Ratusan Biduan Gelar Konser Amal Gempa Palu-Donggala

Tim, CNN Indonesia | Selasa, 02/10/2018 16:07 WIB
Ratusan Biduan Gelar Konser Amal Gempa Palu-Donggala Para musisi nasional tak berpangku tangan. Demi para korban bencana Sulteng, mereka menggagas sebuah acara amal. (Foto: CNN Indonesia/Adhi Wicaksono)
Jakarta, CNN Indonesia --
Pelaku industri musik tidak tinggal diam melihat bencana alam yang melanda Kota Palu dan Kabupaten Donggala di Sulawesi Tengah. Mereka akan tampil dalam acara bertajuk Gala Dana 100 Biduan, 100 Hits Untuk Palu, Donggala, Sulteng.
Acara itu diketahui lewat unggahan pengamat musik Adib Hidayat di Facebook. Ia mengunggah poster acara yang menampilkan nama musisi yang akan tampil.
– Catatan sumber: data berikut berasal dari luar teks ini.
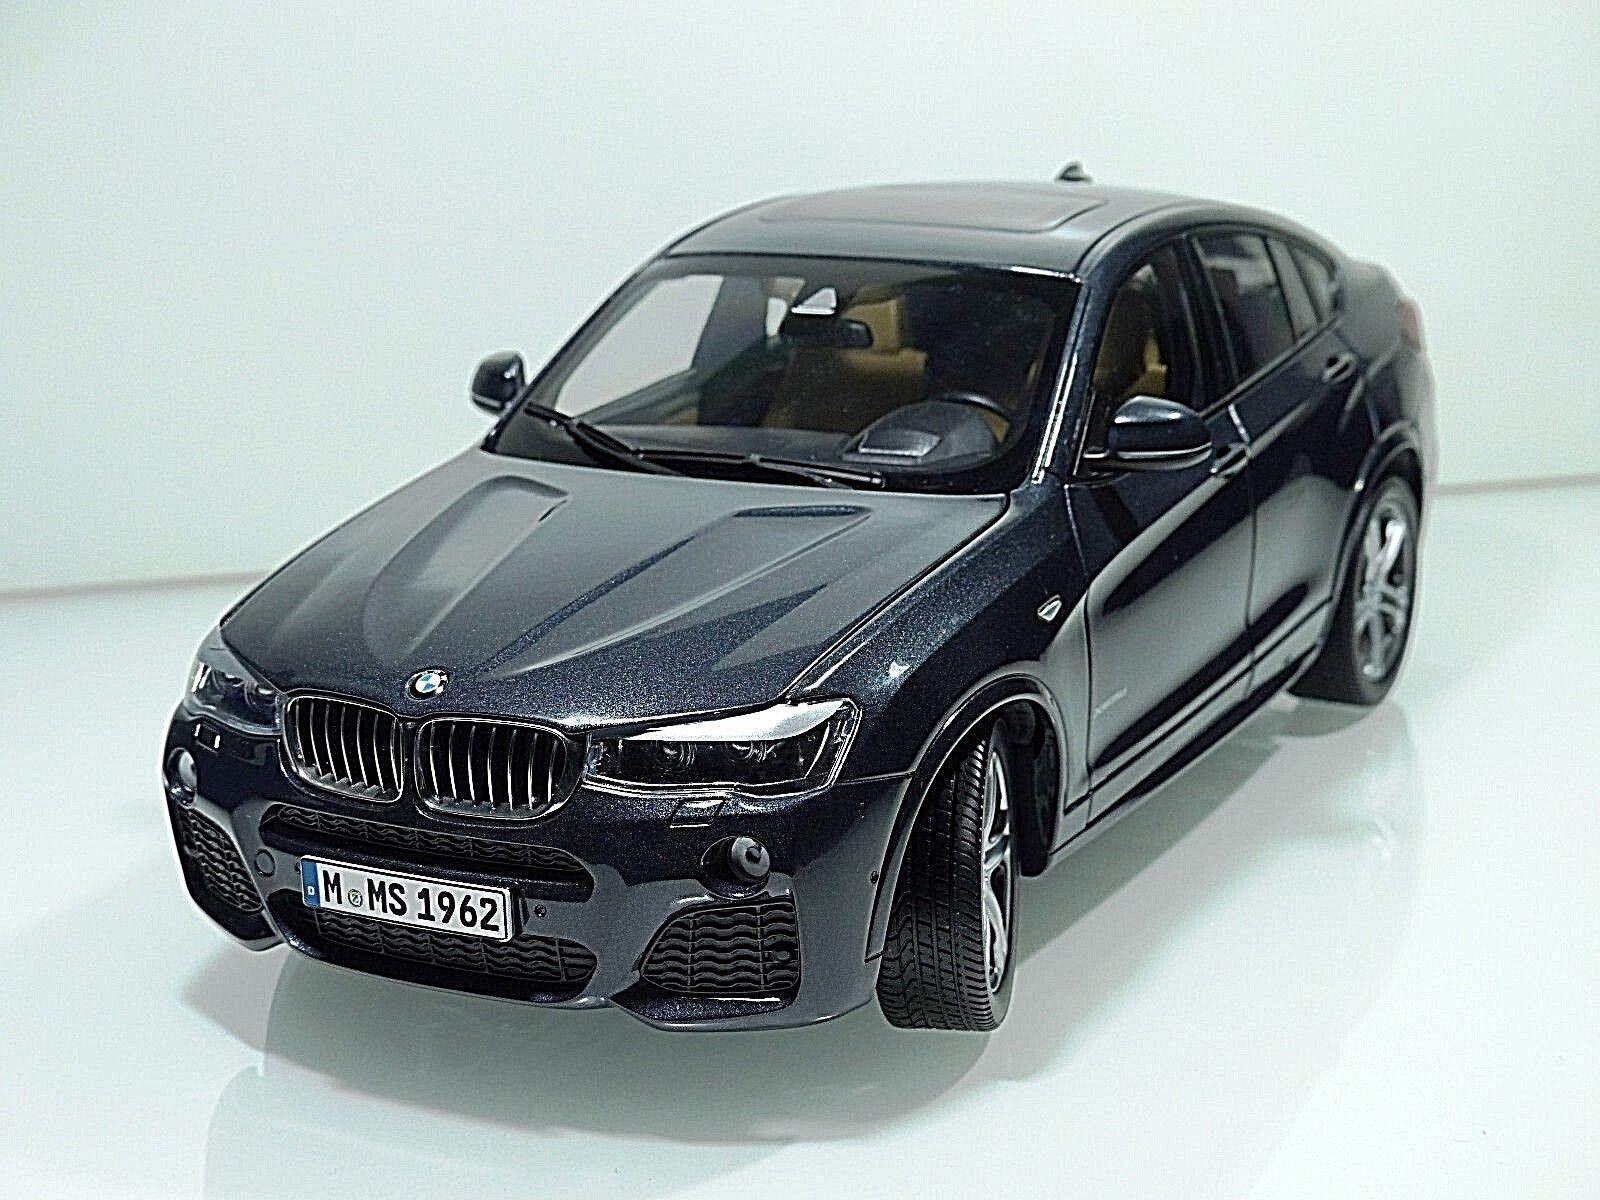 BMW X4 (F26) Baujahr 2014 sophisto grey Paragon Models 1 18

"Baru dapat kabar, total donasi sebelum acara mulai untuk Gala Dana 100 Biduan, 100 Hits Untuk #Palu, #Donggala, #Sulteng yang akan berlangsung Jumat 5 Oktober 2018 di Lippo Mall, Kemang mulai jam 13.00 nanti sudah masuk Rp 3.4 Milyar," tulis Adib.
Acara itu akan dihadiri musisi lintas generasi. Mulai dari Benny Soebardja, Iis Sugiarto, Koes Hendratmo, Lea Simanjuntak sampai Afgan.
Pengunjung yang datang tidak perlu membeli tiket bila ingin menonton. Bantuan untuk korban bencana bisa disalurkan melalui Tokopedia, Kitabisa dan nomor rekening BNI: 2025808889 atas nama ILUNI UI.

Di sisi lain, konser musik Synchronize Festival yang akan diselenggarakan pada akhir pekan ini juga berencana melakukan penggalangan dana untuk korban gempa dan tsunami di Palu dan Donggala, Sulawesi Tengah.


Acara tersebut rencananya akan menampilkan sekitar 117 musisi yang terdiri musisi lintas generasi dan genre pada 5 hingga 7 Oktober ini.

"Iya, akan ada [penggalangan dana], tapi kami lagi coba pikirkan sistemnya," kata Rizky Aulia, program director Synchronize Fest kala berbincang dengan CNNIndonesia.com.


Gempa serta tsunami melanda Palu dan Donggala pada Jumat (28/9) lalu. Sampai saat ini korban jiwa disebut mencapai 1,000 orang lebih, ditambah korban luka berat sebanyak 799 orang dan 99 orang dari beberapa kabupaten masih dinyatakan hilang. 

Dalam keterangan terakhir, Badan Nasional Penanggulangan Bencana (BNPB) menyebut jumlah pengungsi sudah mencapai 61,867 juwa.